In the present invention, the term "antioxidative activity" means an action of inhibiting oxidation, and means an action of eliminating reactive oxygen species generated in the human body. The human body has a balance between prooxidant and antioxidant. When the balance is broken due to various factors and is deviated toward oxidation promotion, oxidative stress is induced, Resulting in cellular damage and pathological disease. Reactive oxygen species (ROS), which is a direct cause of such oxidative stress, is an unstable form of oxygen with unpaired electrons. It is composed of oxygen ions, free radicals and peroxides peroxides). It is unstable and highly reactive, easily reacts with biomaterials, damages cell lipid membranes, intracellular proteins and DNA, causing mutations, and irreversible damage to cells and tissues, resulting in cell death And further aging and various diseases. In addition, reactive oxygen species are produced with reactive nitrogen species (RNS) such as NO, HNO ₂ , and ONOO ^- , which are produced by the immune response of macrophage neutrophils and other immune cells during inflammatory reactions. The sprout barley tea extract of the present invention has an excellent antioxidative activity by exhibiting excellent radical scavenging ability by containing a large amount of the above-mentioned flavonoids.

The term "anti-inflammatory activity" in the present invention means an action that resists and resists inflammation. The inflammatory reaction is a very complicated process of regulation, and occurs to reduce the enhancement and damage of the in vivo restoration system. However, repeated inflammatory responses by tissue damage or regeneration can lead to excessive production of ROS and RNS in the cells involved, resulting in permanent genetic modification. Thus, ROS and RNS are involved in the inflammatory response that regulates the action of various cells in vivo. During the inflammation process, a large amount of proinflammatory cytokines, nitric oxide (NO) or prostaglandin E2 (PGE2) and the like are induced by inducible nitric oxide synthase (iNOS) and cyclooxygenase It is known to be produced by cyclooxygenase-2 (COX-2). Due to such inflammation inducing substances, various inflammatory diseases can be induced by inflammation, and since the sprout barley tea extract of the present invention contains a large amount of flavonoid compounds and exhibits an anti-inflammatory action, it is possible to prevent and improve inflammatory diseases Lt; / RTI >

In the present invention, the term "hypoglycemic activity" refers to an effect of lowering the blood glucose, which is a value indicating the glucose concentration in the blood. The human body preferably maintains the blood glucose level within a certain range in order to maintain the homeostasis. Hyperglycemia means an abnormally high blood glucose level. Hyperglycemia, which appears temporarily after a meal, is a natural phenomenon and is called physiological hyperglycemia. However, the increase in blood sugar level or persistence of hyperglycemia in the range beyond this is likely to be due to diabetes, progression to diabetes, or diabetes but not yet discovered.

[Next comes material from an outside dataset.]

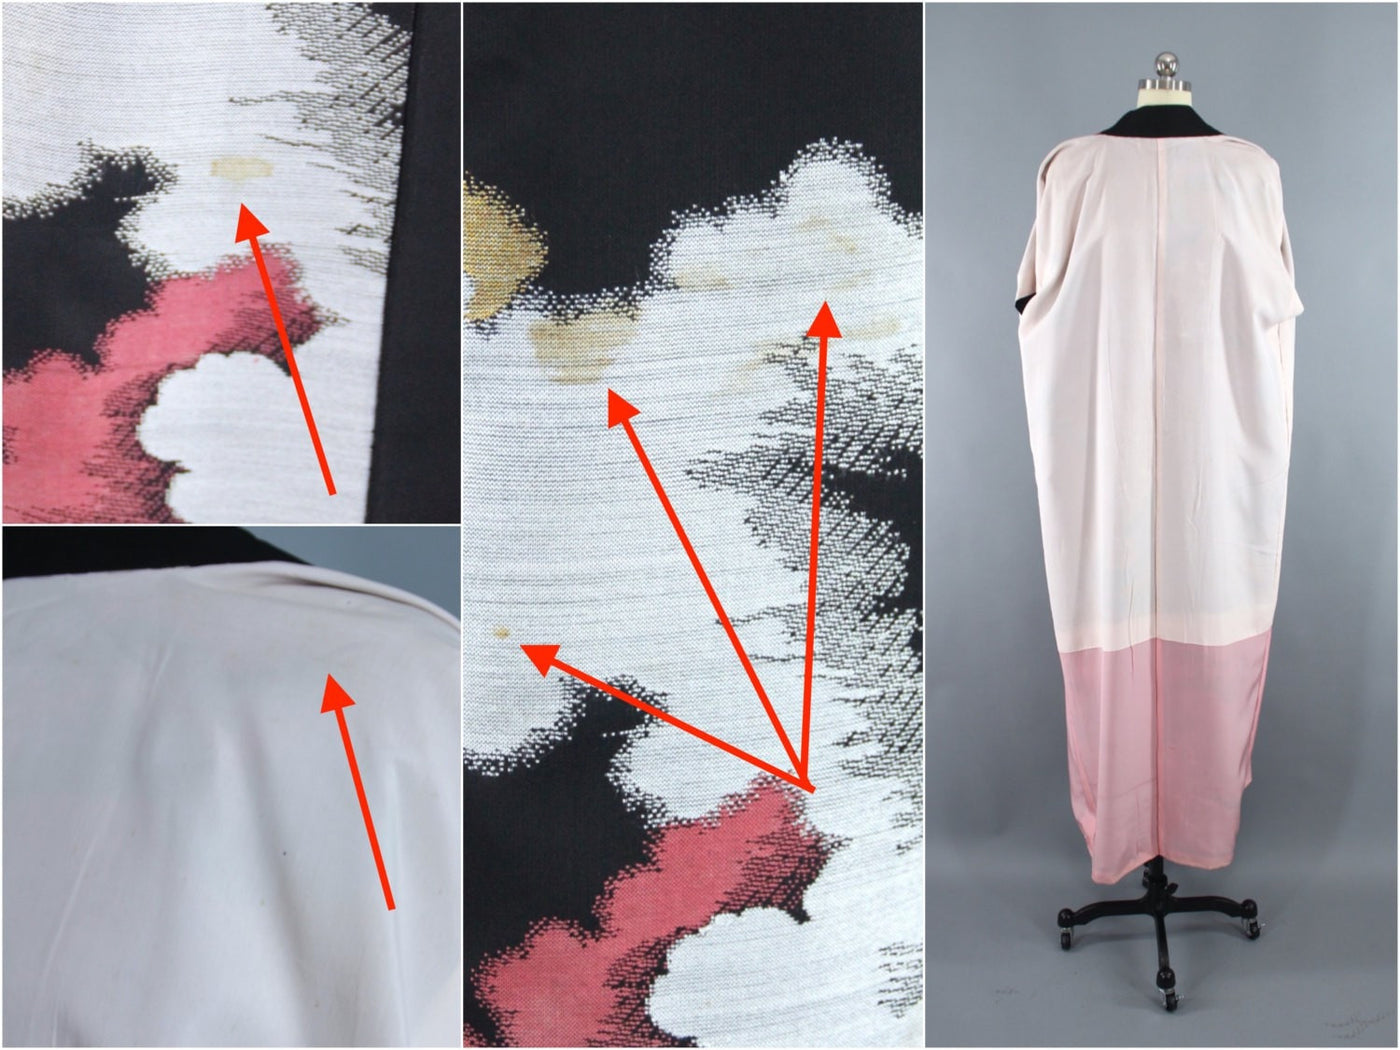 1950s Vintage Kimono Robe with Black and Pink Clouds - ThisBlueBird
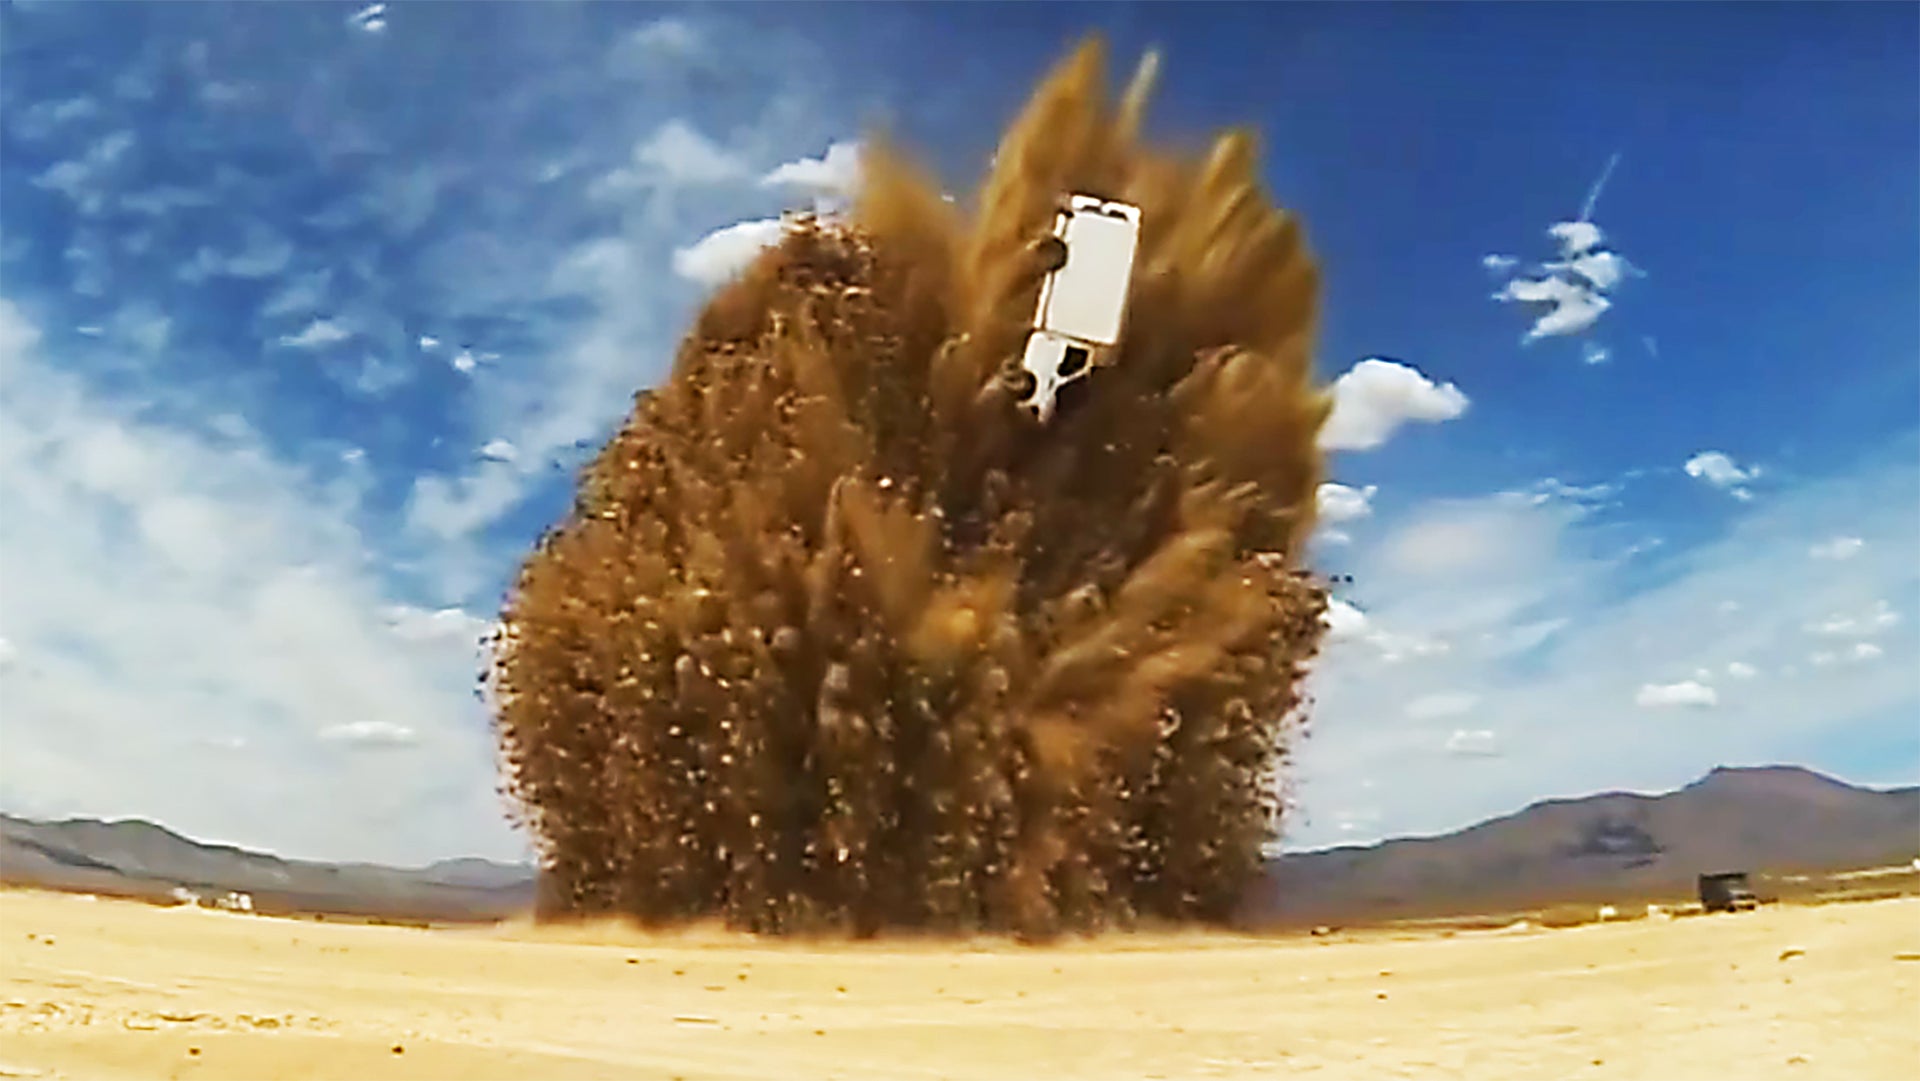 Watch The Navy Blow Up Pretty Much Everything On Its China Lake Weapons Range

The US Food and Drug Administration (FDA) requires that normal blood glucose levels be less than 100 mg / dl fasting glucose and less than 140 mg / dl two hours after meals. Fasting blood glucose levels greater than or equal to 126 mg / dl and 2 hours Diabetes is diagnosed. WHO, on the other hand, defines fasting blood glucose below 110 mg / dl as the normal level. Even if it is less than the diagnosis of diabetes, persistence of a hyperglycemic state higher than normal may increase the risk of progressing to severe liver disease by inducing fatty liver, which may lead to cardiovascular disease and its complications. Glucagon, adrenaline, insulin, and thyroid hormones work in the body to maintain normal blood glucose levels. An abnormality in the secretion and / or activity of these hormones may cause hyperglycemia. Excessive intake of sugar, lack of exercise and / or stress also causes hyperglycemia. The sprout barley tea extract of the present invention is a flavonoid known to have a hypoglycemic effect (Food Chem. Toxicol. 2008, 46 (7): 2376-2383), polyphenol (J. Agric. 36): 8860-8865) and saponin (J. Enzyme Inhib. Med. Chem., 2009, 24 (3): 684-690) in a large amount to exhibit a hypoglycemic effect, And can have a preventive and / or ameliorative effect on diseases.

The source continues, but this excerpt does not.